Седой сунул руки в карманы своих брюк, таких белоснежных, что аж резало глаза, как при взгляде на снег в солнечный морозный полдень, а после окинул меня высокомерным взором с непререкаемо начальственным видом. Когда только успел отработать этот навык, вроде в руководителях не так давно, а уже научился смотреть на окружающих как на насекомых, от которых толку никакого, а раздражают знатно.
— Хотя, — не дала я ему и рот раскрыть, — погоди. Кажется, я догадалась.
Вытащила из кармана телефон Крота и помахала им в воздухе.
— Не только прослушка, но и маячок? — я не стала скрывать разочарования.
Сашка вздернул бровь и сообщил:
— В телефоне ничего нет.
Я недоверчиво усмехнулась.
— Как хорошо ты дружишь с современными технологиями? — качнувшись с носка на пятку полюбопытствовал друг.
— Я с ними на «вы», — честно призналась я. — Ты же знаешь, у меня даже телефона нет.
— Потому что тебе просто некому звонить. И тебе никто не звонит, — равнодушно бросил Седой и это еще было бережным отношением по сравнению с его обычной манерой говорить гадости — прямо в лицо, не стесняясь и не страдая мучениями совести.
— Зришь в корень, — мой смех получился почти натуральным.
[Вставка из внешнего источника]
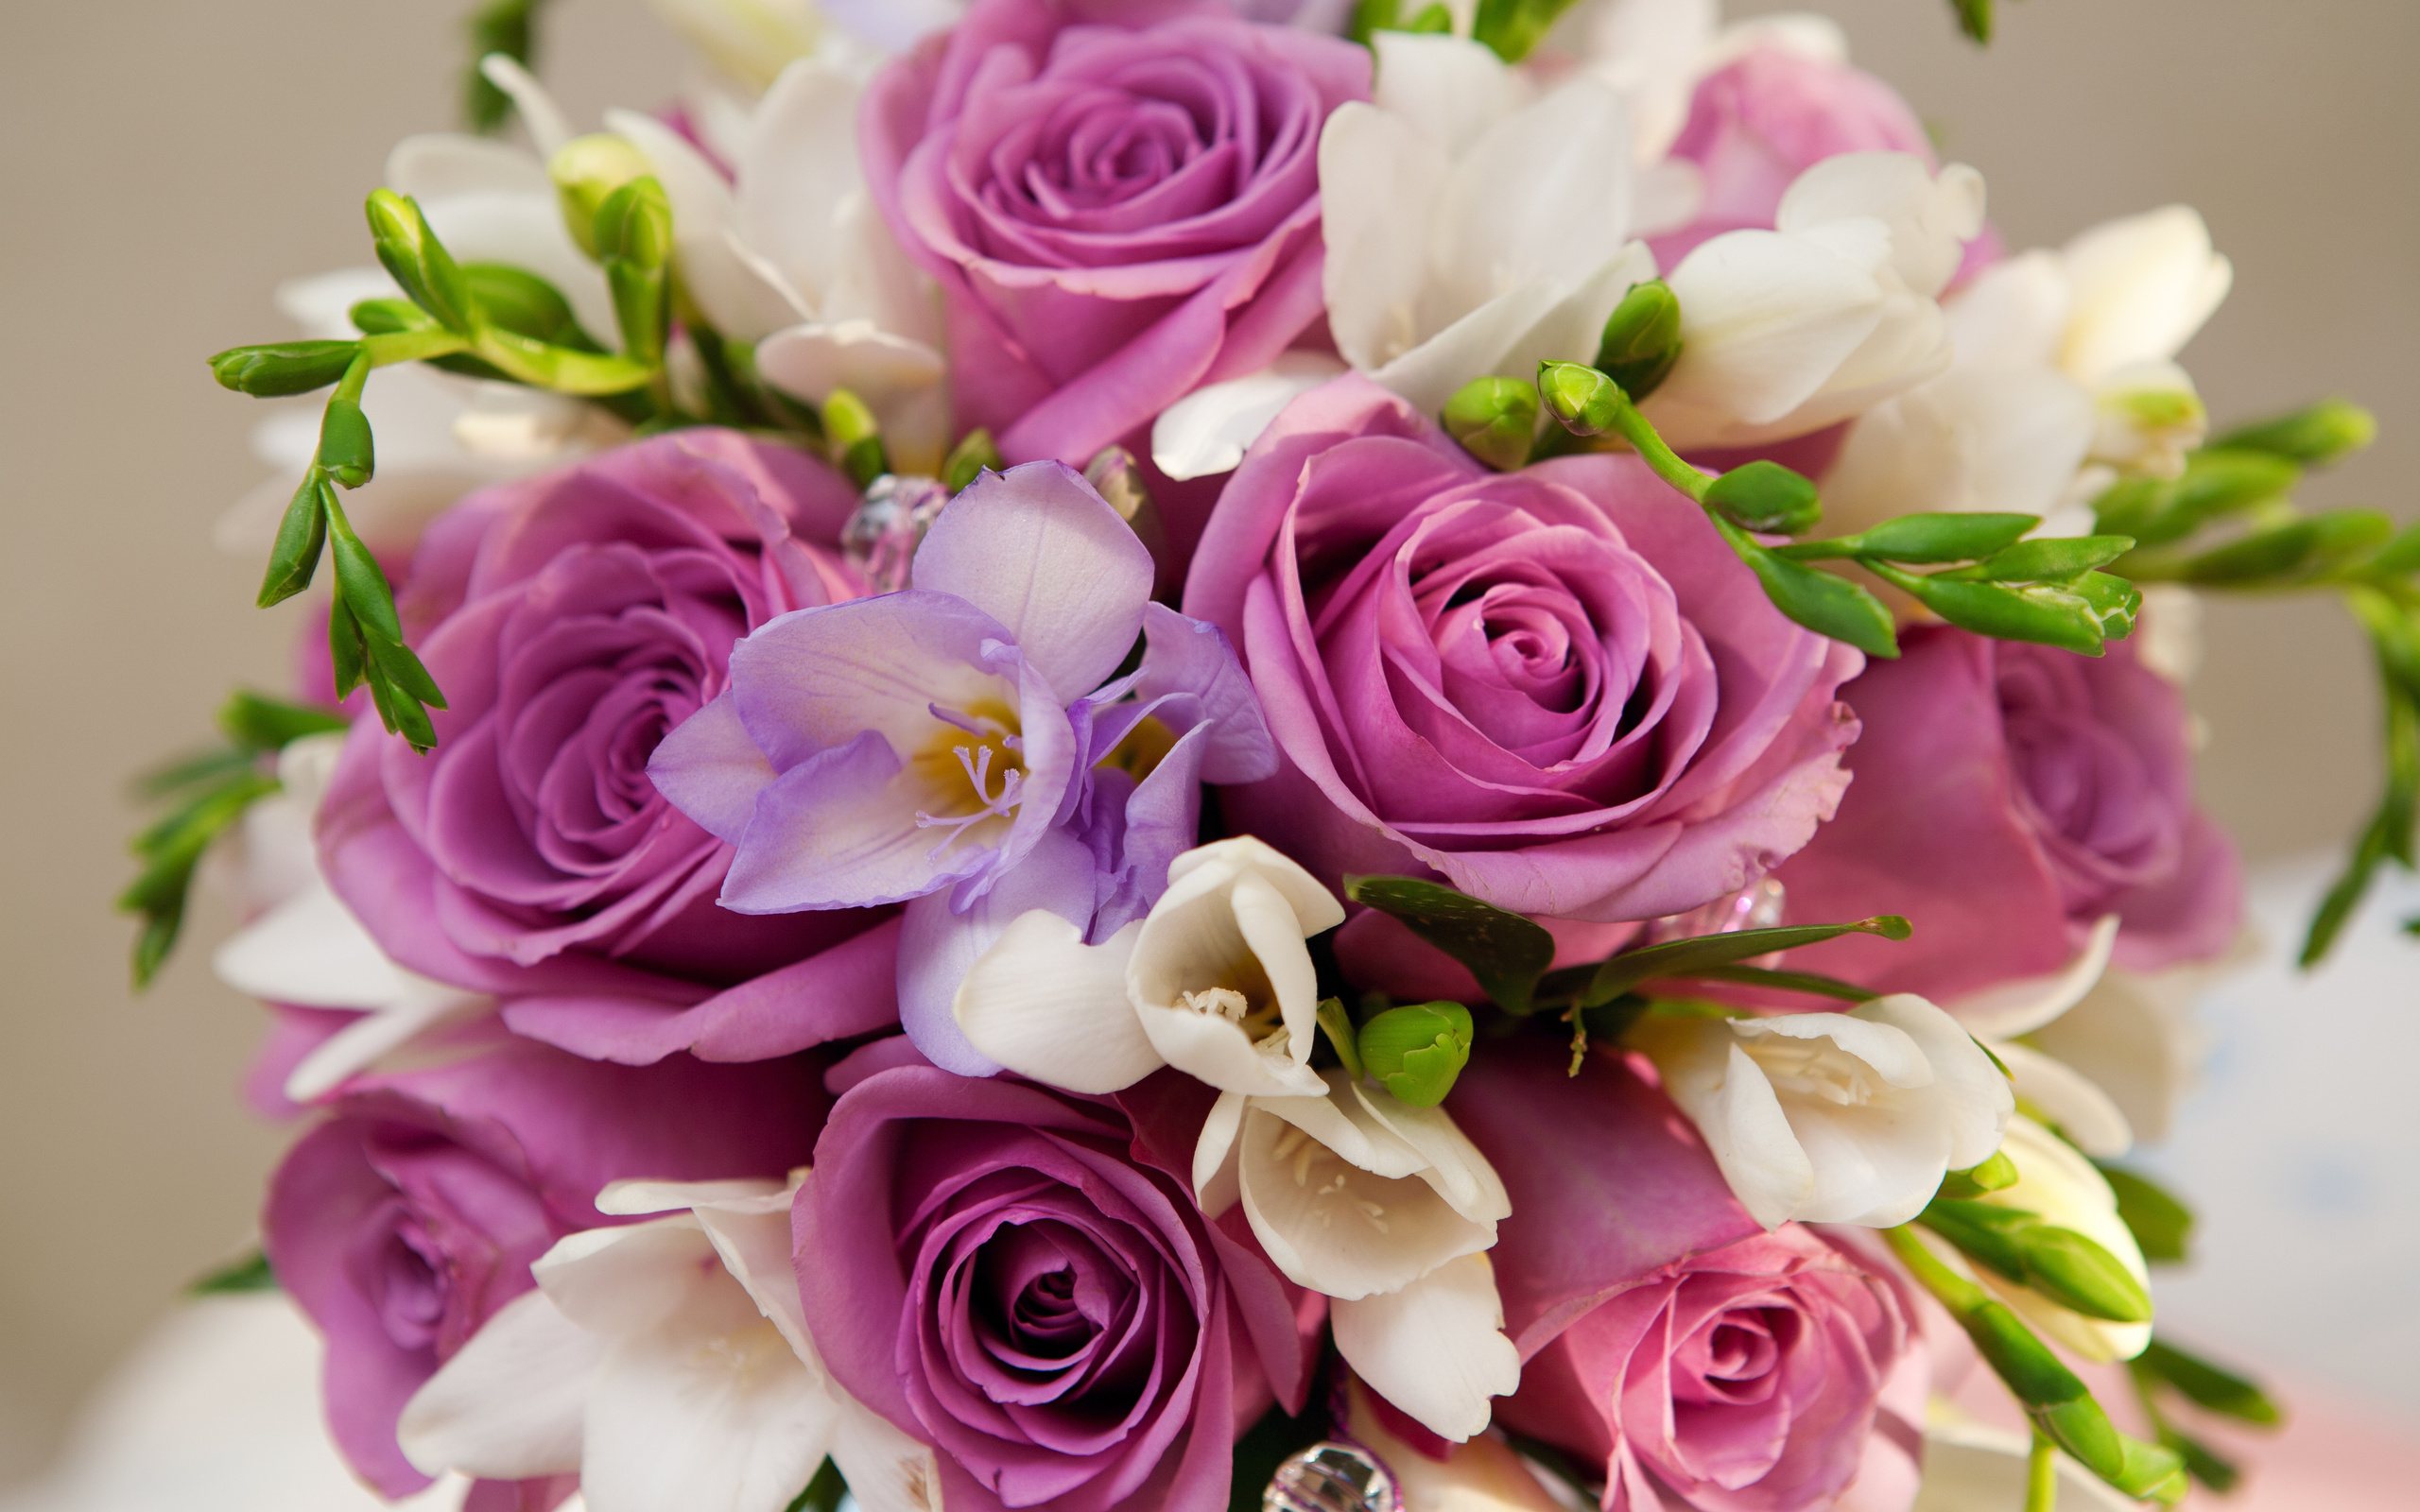 Top Beautiful Bouquet Of Flowers Photos, 51-100% Quality HD, SH VM

Почти, потому что обманывать Сашку у меня всегда получалось плохо. — Впрочем, как и всегда.
— Специально для такого мамонта как ты, который по уровню развития застрял где-то между 20-ми и 30-ми годами прошлого столетия, сообщаю, — приблизился ко мне Сашка все с тем же небрежно-безразличным видом. — В городе на каждом столбе висит по камере.
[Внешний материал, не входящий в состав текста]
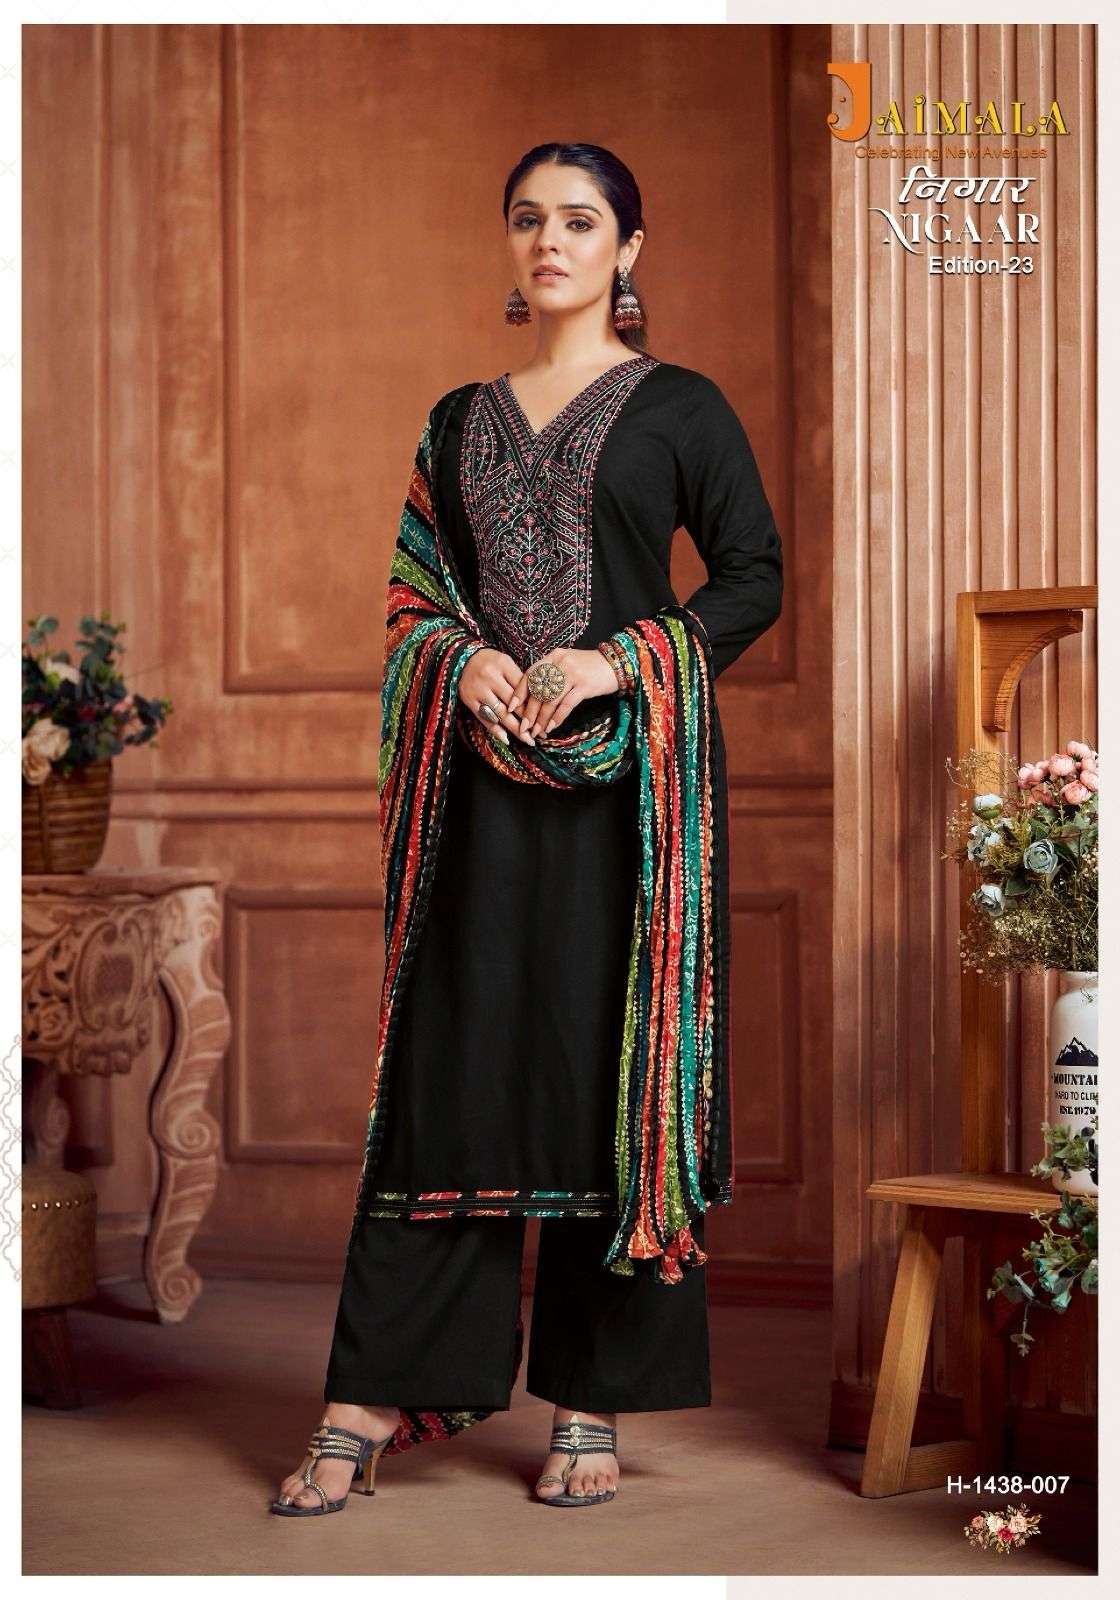 jaimala nigaar vol-23 latest designer salwar kameez at wholesaler price surat india gujarat

Сложив руки на груди, я закатила глаза.
— И что?
— А то, что эти камеры объединены в единую сеть, которая не только транслирует круглосуточно транслирует картинку в потоковом режиме, но еще и записывает видеофайлы, сохраняя на специальных серверах.
Я покивала с крайне заинтересованным видом, а потом нежным голосом заявила:
— Если ты хотел меня впечатлить, то тебе это удалось, — Сашка криво усмехнулся. — Ага, я впечатлена. Твоим занудством.
— Дура, — вздохнул мой друг и покачал головой так, словно перед ним стоял нерадивый отпрыск, которого он пытался уму разуму научить. Дитё упорно сопротивлялось и впитывать родительскую мудрость не желало. — Камеры с функцией распознавания лиц. И твоё лицо сегодня весь день по городу мелькало.
Это не стало для меня новостью.
— Я хоть и не Крот, но об элементарных вещах имею некоторое понятие.
— Знаю я твои понятия, — разозлился Сашка и резко шагнул вперед. — С тех пор, как Безликий погиб, так ты глаз от рюмки не поднимаешь. Ты хоть понимаешь, что за время своей алкогольной карьеры деградировала настолько, что уже нет сил смотреть!?
— Намекаешь, что я стала хуже соображать? — прищурилась я, тоже шагнув ему навстречу. Теперь мы с Сашкой стояли впритык друг к другу, злобно сверкая глазами и пыхтя как две больные астмой панды.
— Намекаю, — прошипел Седой, склонившись к моему лицу, — что ты в два раза снизила свой потенциал. Ты, видимо, не осознаешь всю опасность ситуации — еще пару лет такой жизни, и ты вообще не сможешь управлять собой.
— Кстати об этом, — зашипела я в ответ. — Как там поживает твой младший братец?
— А как поживает Алтай? — Сашка растянул губы в хищной улыбке. — Поразительно, как это вы так столкнулись?
— Совершенно случайно! — заявила я, а после не выдержала, сделала шаг назад и глубоко вздохнула, пытаясь успокоиться. Под требовательным взглядом бывшего напарника сделать это было крайне сложно, а потому:
— Мне надо идти. У меня дела.
— Какие у тебя могут быть дела? В кабак опаздываешь? Где-то бесплатно наливают? — он глянул на часы. — Ну да, уже четыре часа дня, а ты все еще трезвая.
— Да пошел ты, — я развернулась и зашагала по переулку, громко топая и со злостью пиная камушки, попадающиеся на дороге.
— Стой, — Сашка догнал меня в мгновение ока, и, схватив за руку, дернул на себя.
— Отпусти, — потребовала я, но вырываться не пыталась. По опыту знала, что процедура освобождения из его стальной хватки болезненная и бесполезная. Сам отпустит, когда держать надоест. А надоедает ему обычно быстро. Об этом красноречиво свидетельствует череда Сашкиных любовниц, настолько длинная, что если начать составлять список, то на третий день устанешь и плюнешь на это зряшное дело.
— Куда ты собралась? — он отпустил мою руку и достал ключи. — Я подвезу.